The 70’s and early 80’s were a bad time for movies. Bigger theaters were broken up to create small rooms with small screens (for small audiences). Then they started building “multi-screen” places (not really real theaters), like where ET was shown, out on south Mooney (in Visalia). I generally hated the “small room” mall type movie experience. I loved (best) the movie “Palaces”, like the Grand Lake in Oakland, or the older (depression, WPA mural, type theaters, like the Kimo in Albuquerque and the old original movie house in downtown Visalia. [Note: In many cities in the US West the only place the WPA Arts Project was visible was in the murals painted on the walls (for free) by WPA artists. Often, this WPA art was both the biggest art (and the best) anywhere in town. In time, most WPA movie murals were painted over. Now, most WPA era movie theaters are torn down, converted, or closed. There seem to be NO articles about the movie murals on the web, just modern day full wall posters that date (in concept) from the WPA Art period that still was very alive in the 1950’s.]

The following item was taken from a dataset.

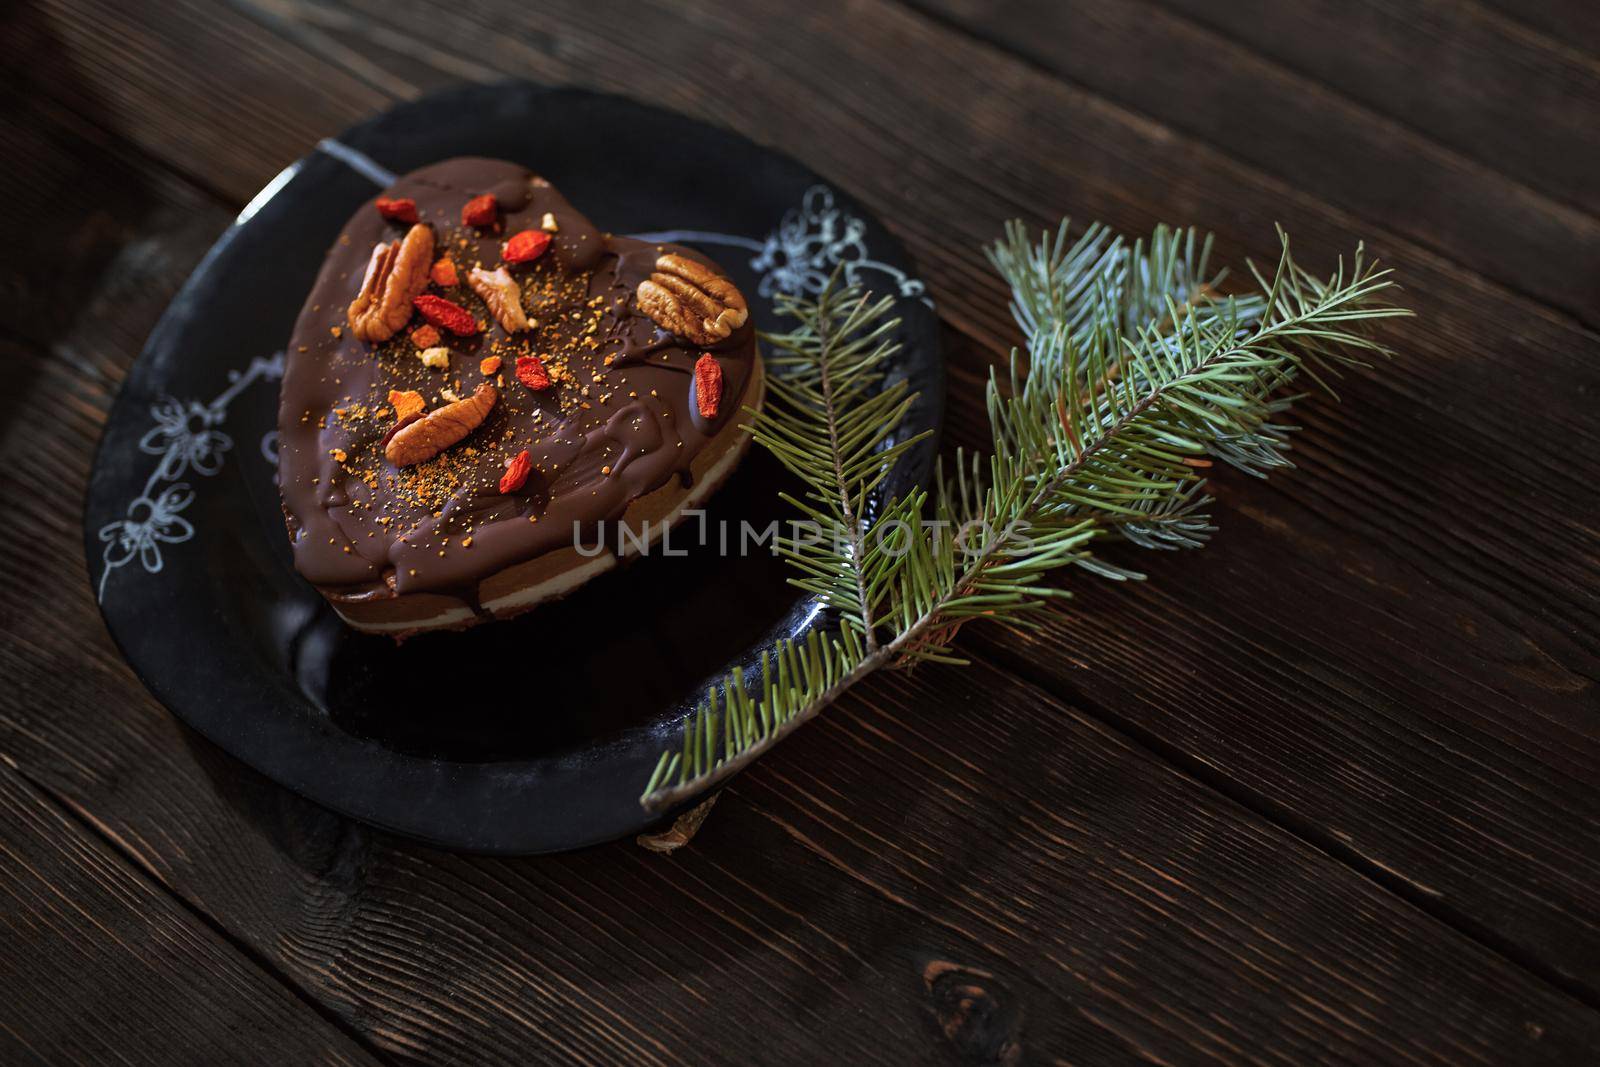 Gluten and dairy free chocolate cake with Christmas tree twig on a wooden table by Novic
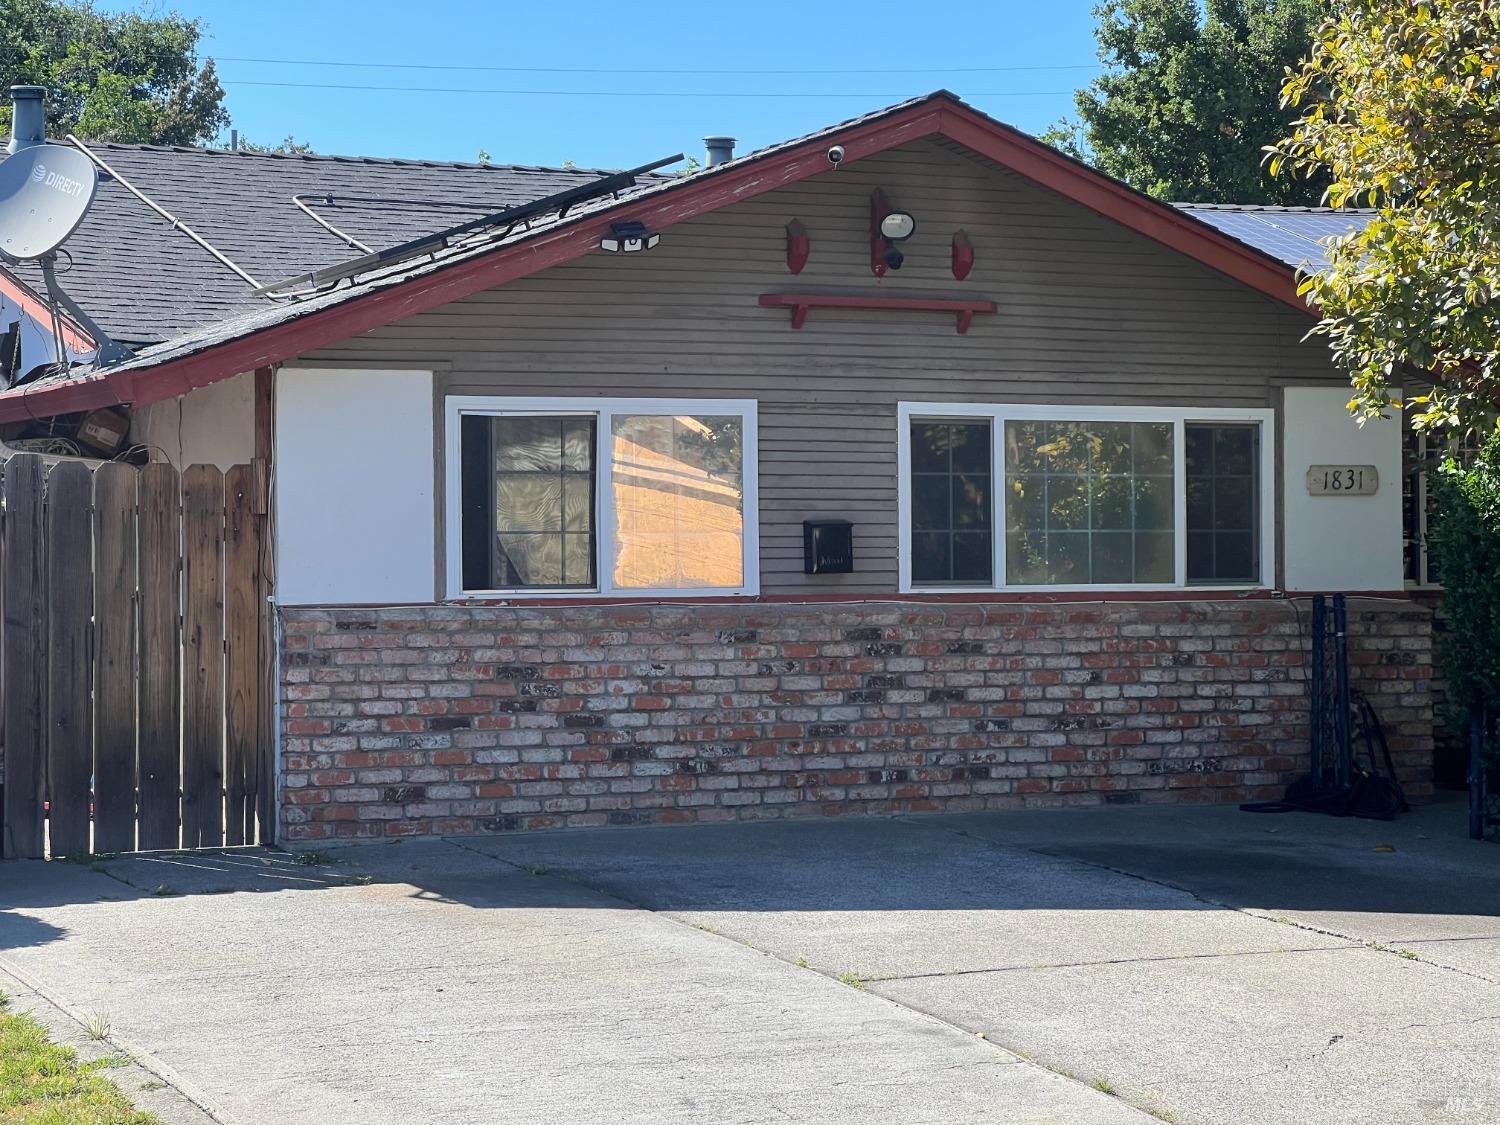 Photo of 1831 Clay St in Fairfield, CA

Anyway, Mom and I saw Raiders of the Lost Ark, in San Jose (actually in a theater in Sunnyvale or Mountain View) the first time you were “babysat” while living in San Jose. Raiders (July 1981) was not as scary as Star Wars (Darth Vader), but still had a few scary (for children) scenes. I can’t recall any other movie that your mother and I saw until I took you to Tron (Mom, then as now, was not interested and didn’t go). I worked for cable (afternoons, evenings and nights). We bought the RCA discs, mostly Disney movies (Mary Poppins, Dumbo) and Seseme Street and Muppets. Had the (new) Disney Channel on TV.
So, Tron was a DISNEY MOVIE, playing at an old WPA real theater downtown, that had a balcony (just to be safe).
I re-saw Fantasia in an old WPA theater in Berkeley (California Theater, about 1971, before it was broken up), because “everyone else” in the group wanted to see it. It was crowded, so we ended up in the balcony seating. The Night on Bald Mountain scene wasn’t nearly as scary sitting ABOVE Bald Mountain.
We sat in the balcony, in Visalia (at the Visalia Fox Theater), when we went and saw Tron. It was the furthest left re-screen configuration, based on the left side entrance to the balcony seating. The theater was old and fairly shabby then, not impressive. I don’t think I ever went back. Also, for a “cherished” Disney film experience I found Tron very boring and I was very worried you didn’t (wouldn’t) like it, and might not ever want to go to another “real movie” again. I guess I was wrong.
Anyway, Mom had heard good things about ET from other parents. She thought it might be a better movie “for kids”, maybe you, more exciting, better plot. I was more concerned about the “alien” (sci-fi), Star Wars angle. I almost said, after the failure of Tron, “let’s not go.” But “Disney had failed me,” so why not try something new, out in a new theater on Mooney. On Mooney, we sat on the floor (floor level seating), the theater was crowded, unlike an almost empty Tron theater experience. The whole thing WAS scary, even for me.”
-E-Mail from Donald Clayton, 8 December 2014
I love my Dad. You can see I come by this obsession with the past, memory, and context pretty honestly.